DATA SECTION
- - -

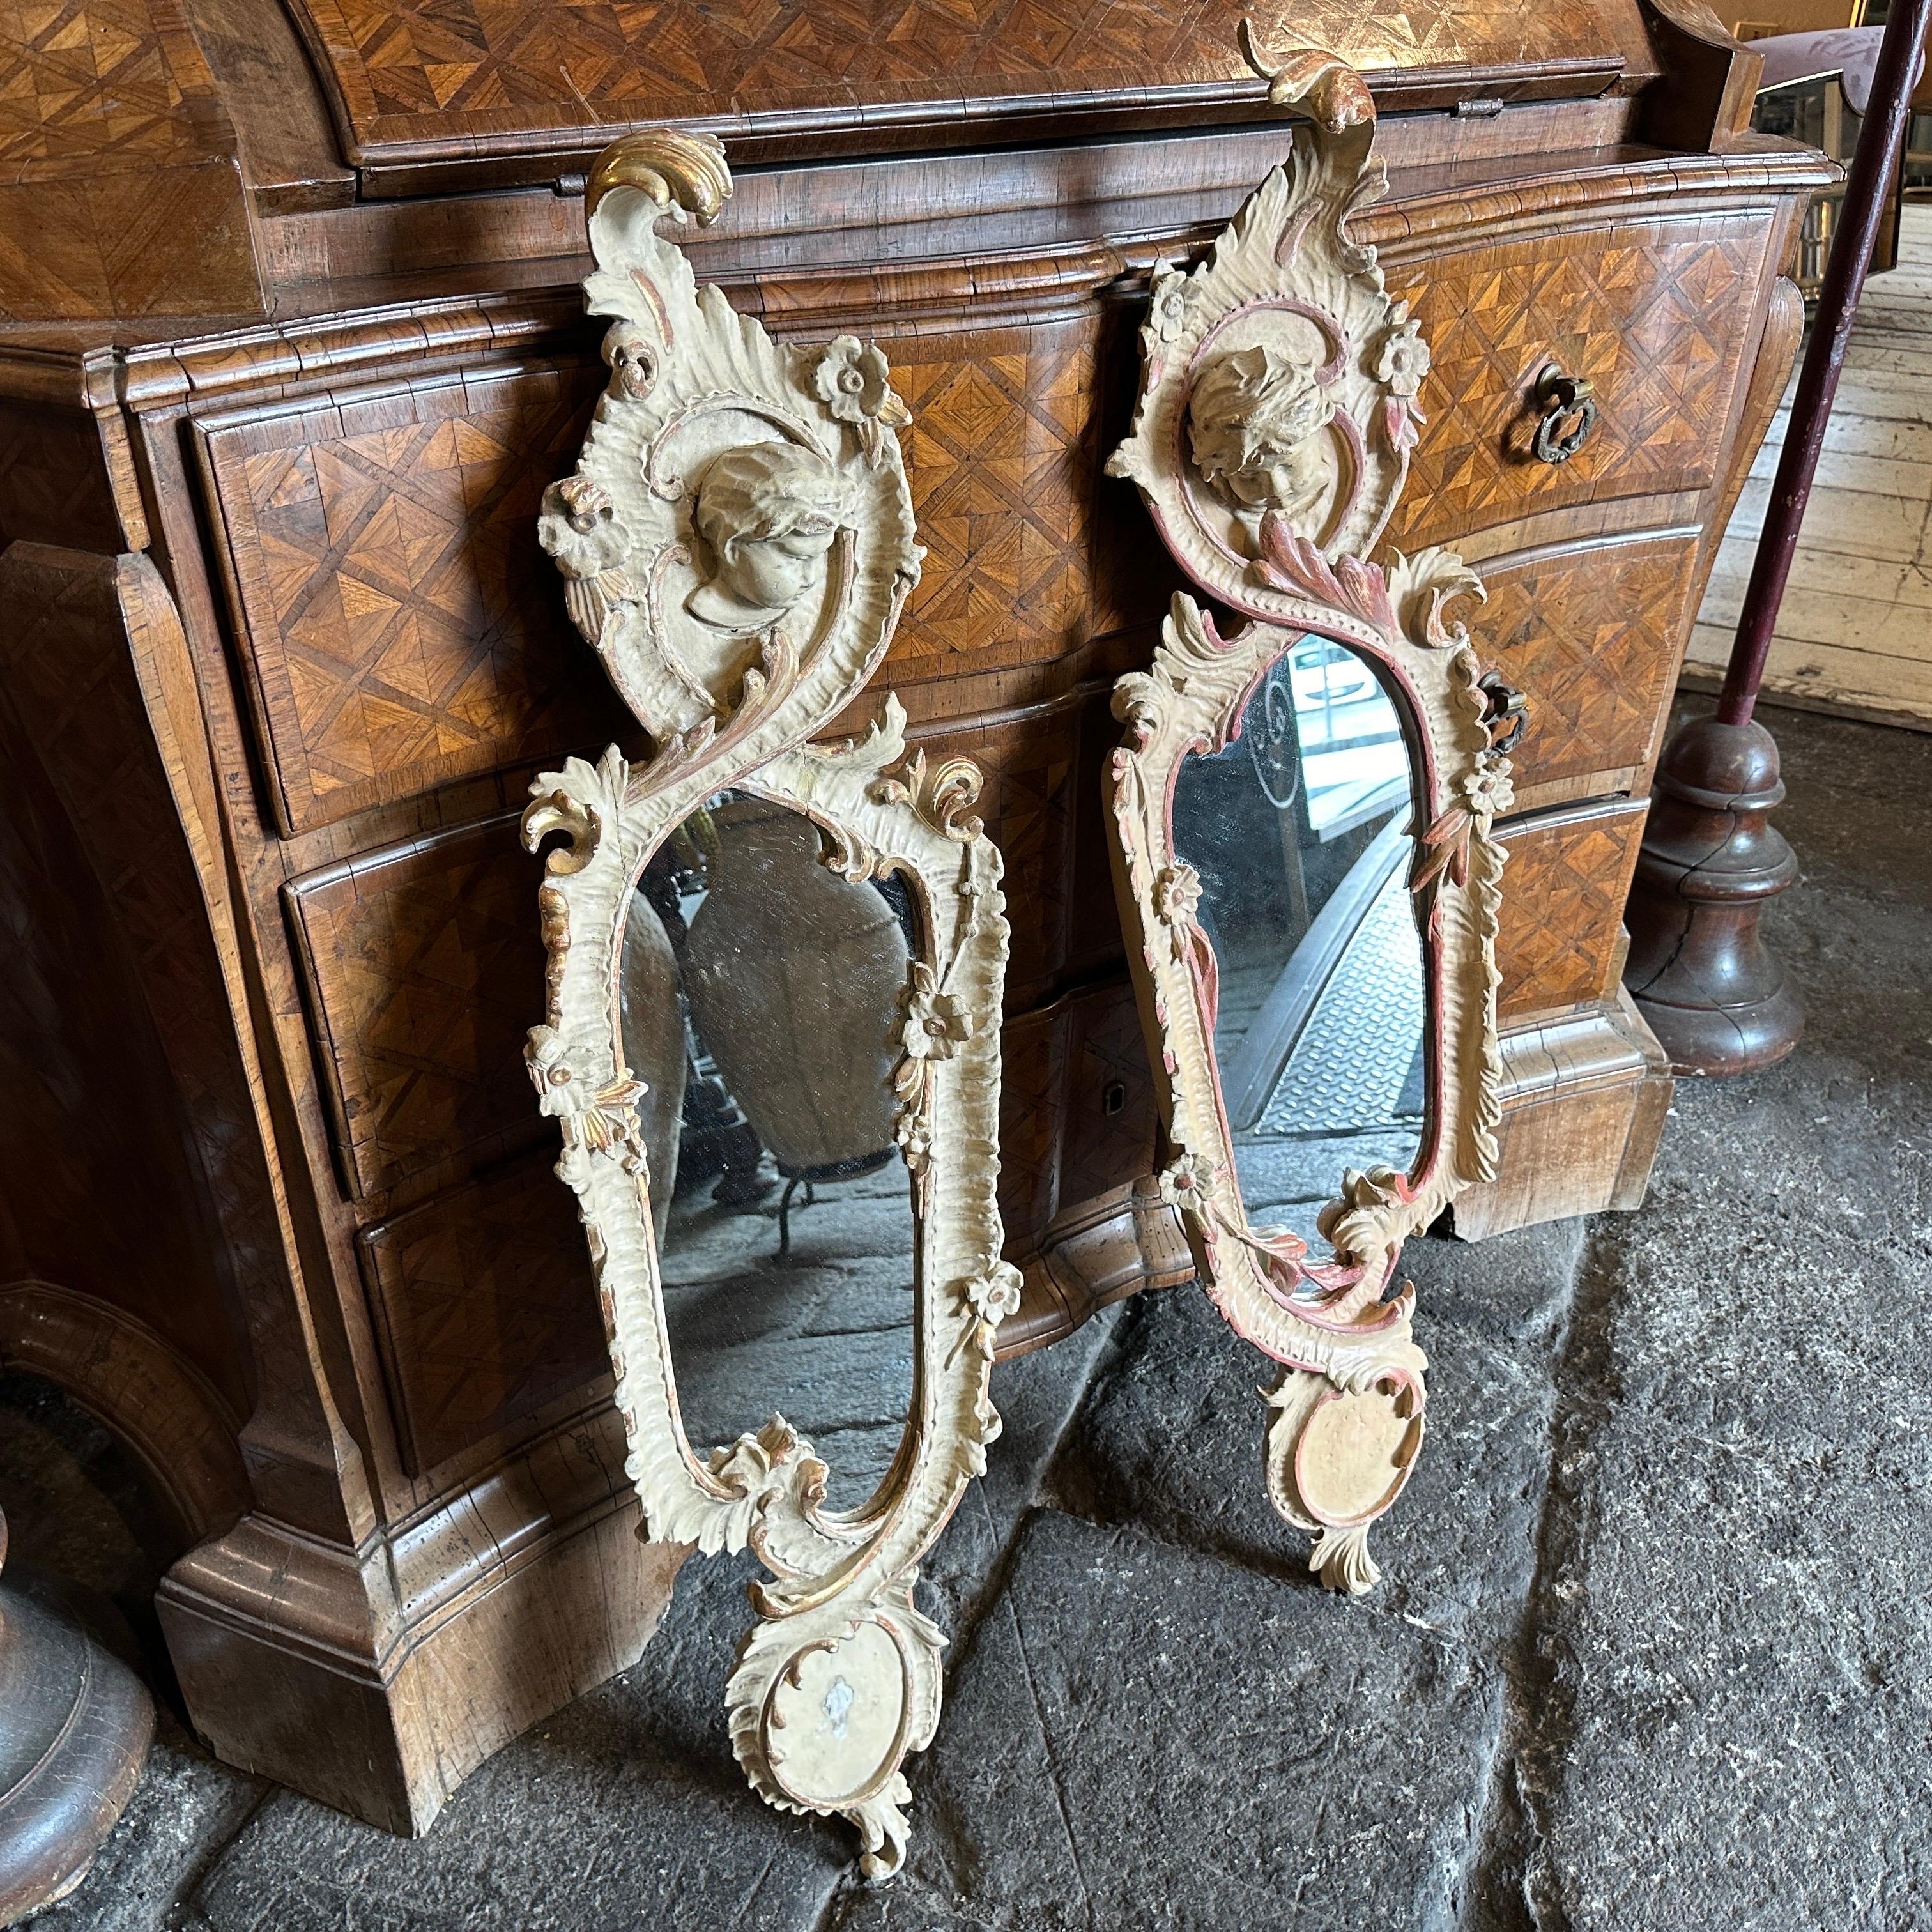 This set of two 1900s Art Nouveau hand-carved wood Italian wall mirrors is an exceptional example of artistic and functional design, the combination of intricate carvings, fluid organic shapes, and a luxurious lacquered finish would showcase the
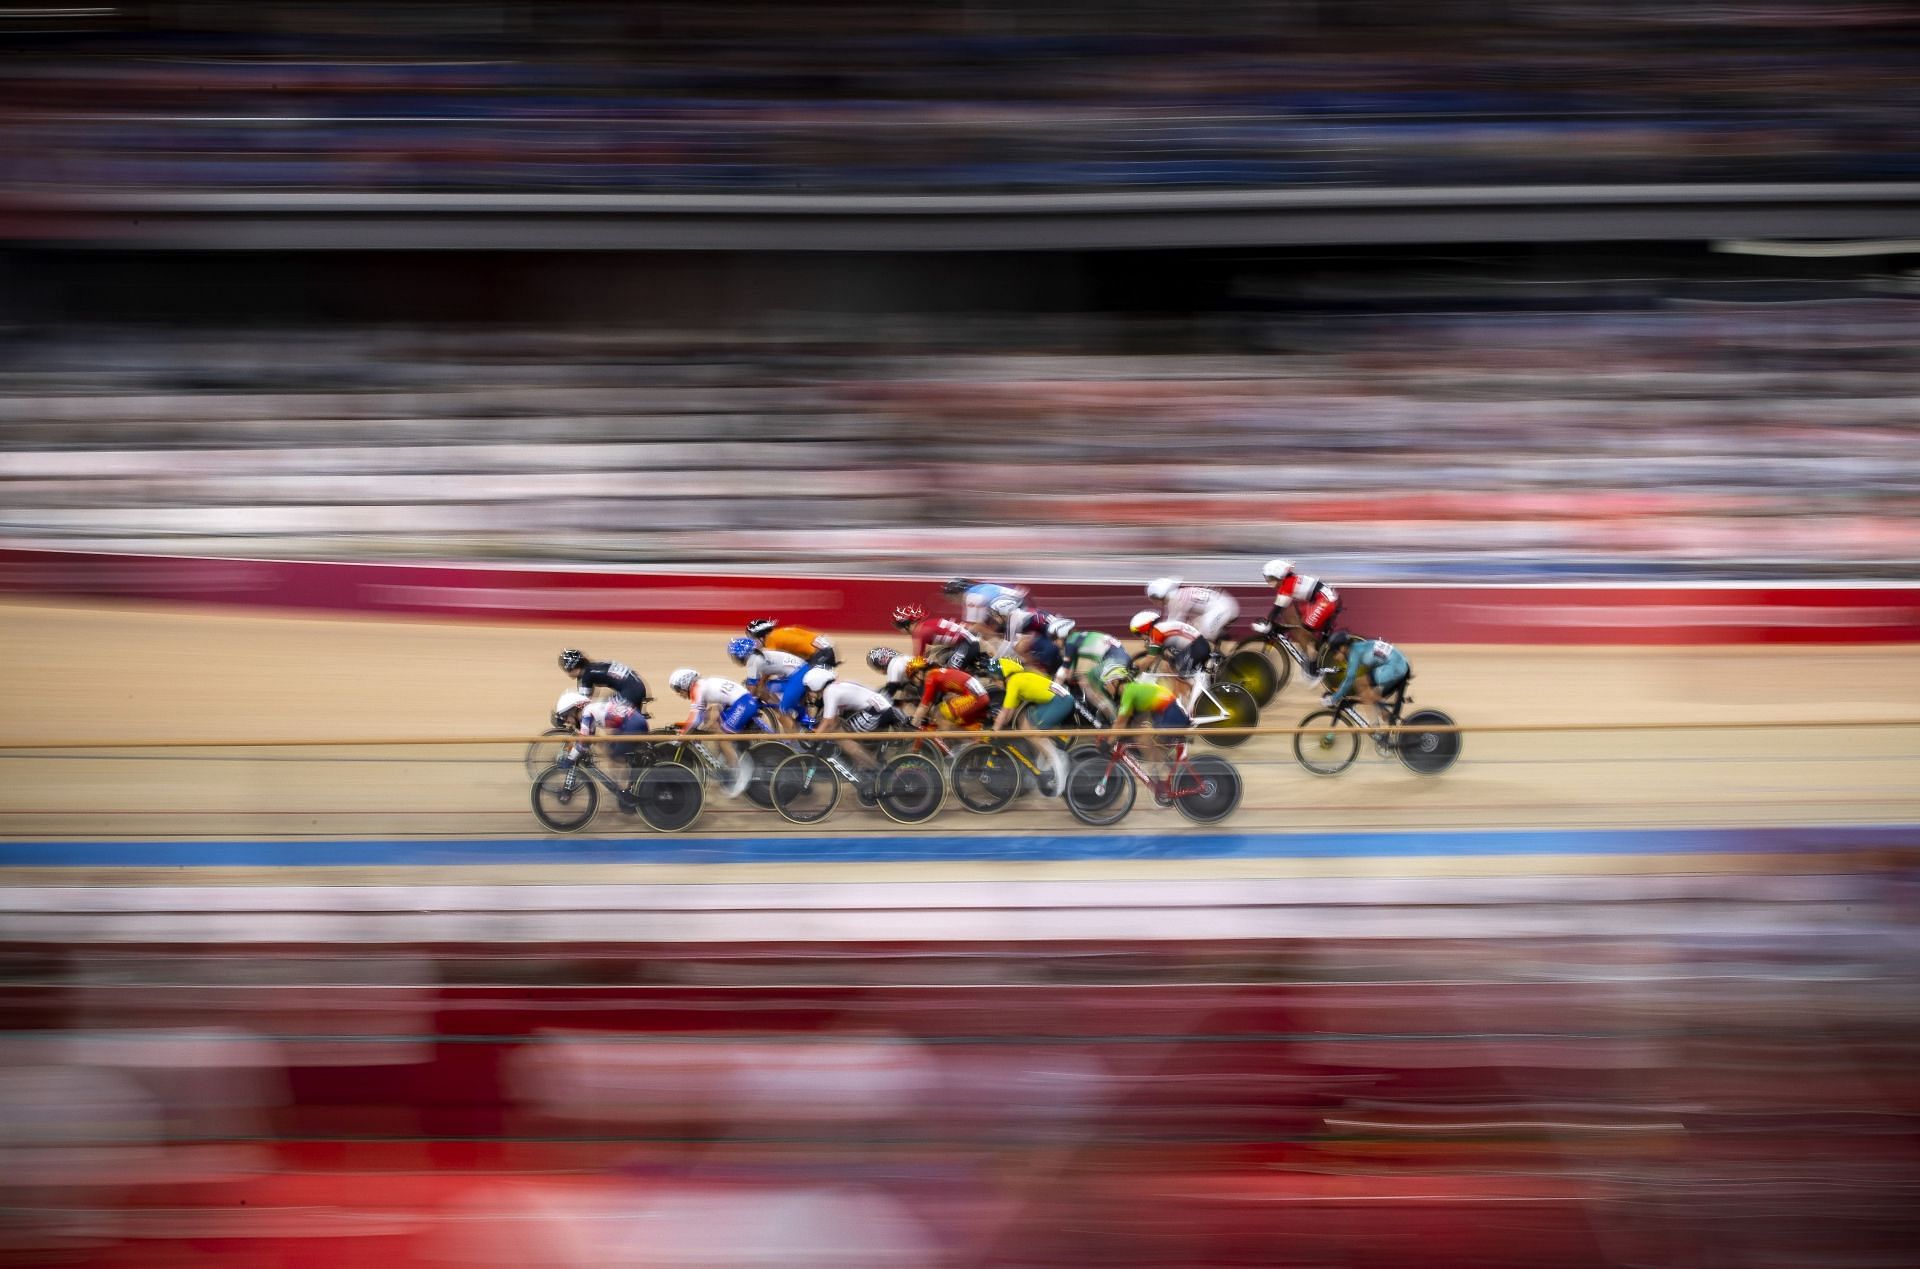 Representative pic: A cycling event in progress. (PC: Getty Images)
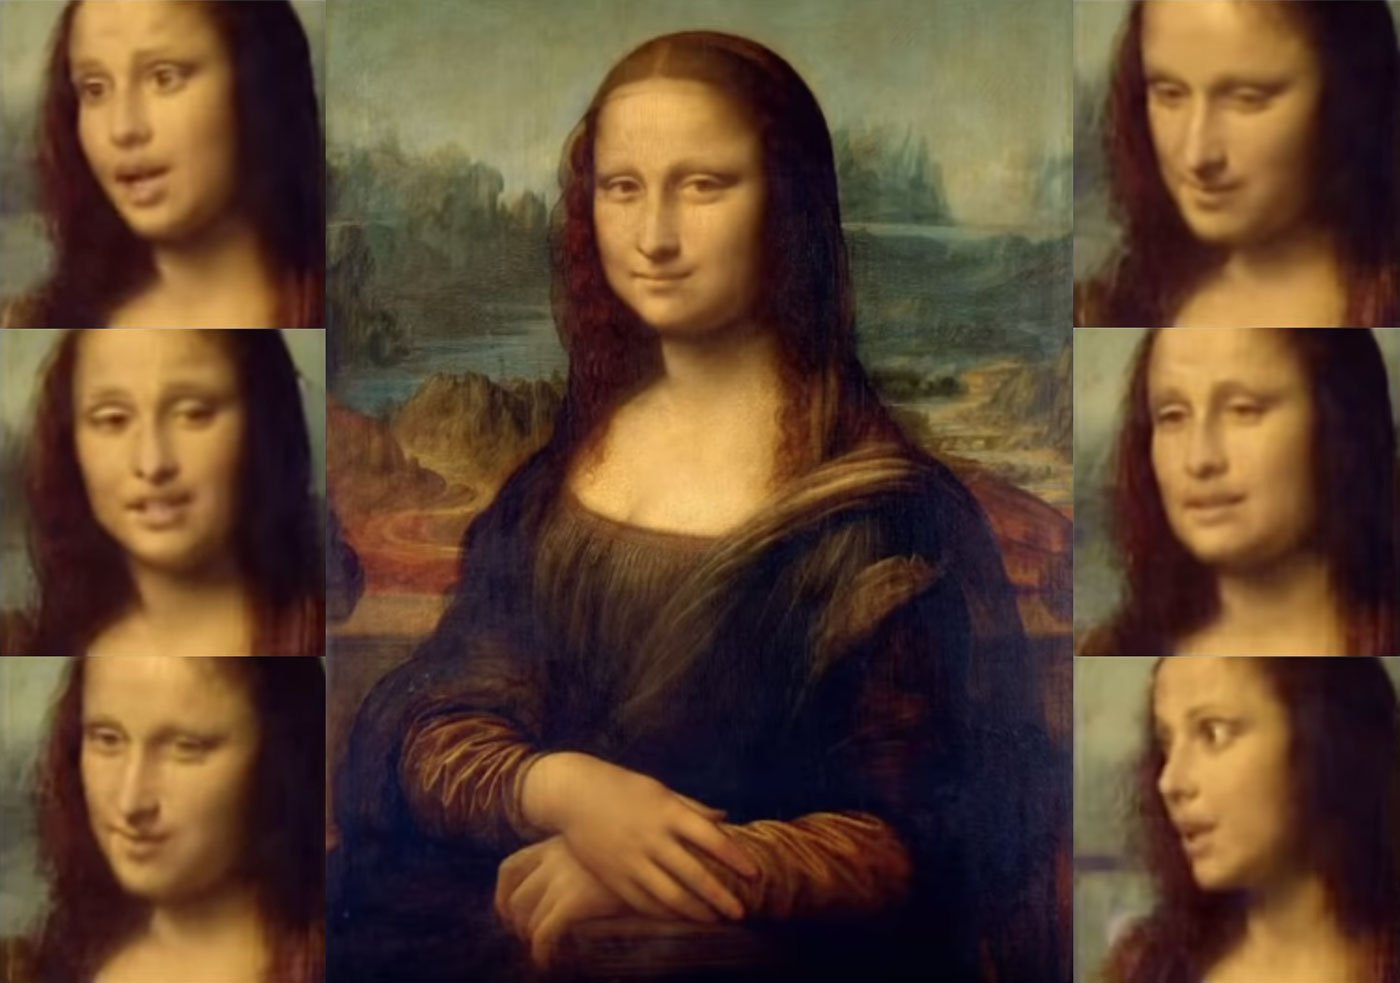 Monalishasexvideo - Russian Researchers Used AI to Bring the Mona Lisa to Life and It Freaked  Everyone Out. See the Video Here

- - -

Your reply should consist solely of the lines above, from the opening line through the line with "Representative pic: A", reproduced exactly and without pictures.

WRITTEN RESPONSE
 This set of two 1900s Art Nouveau hand-carved wood Italian wall mirrors is an exceptional example of artistic and functional design, the combination of intricate carvings, fluid organic shapes, and a luxurious lacquered finish would showcase the
 Representative pic: A cycling event in progress. (PC: Getty Images)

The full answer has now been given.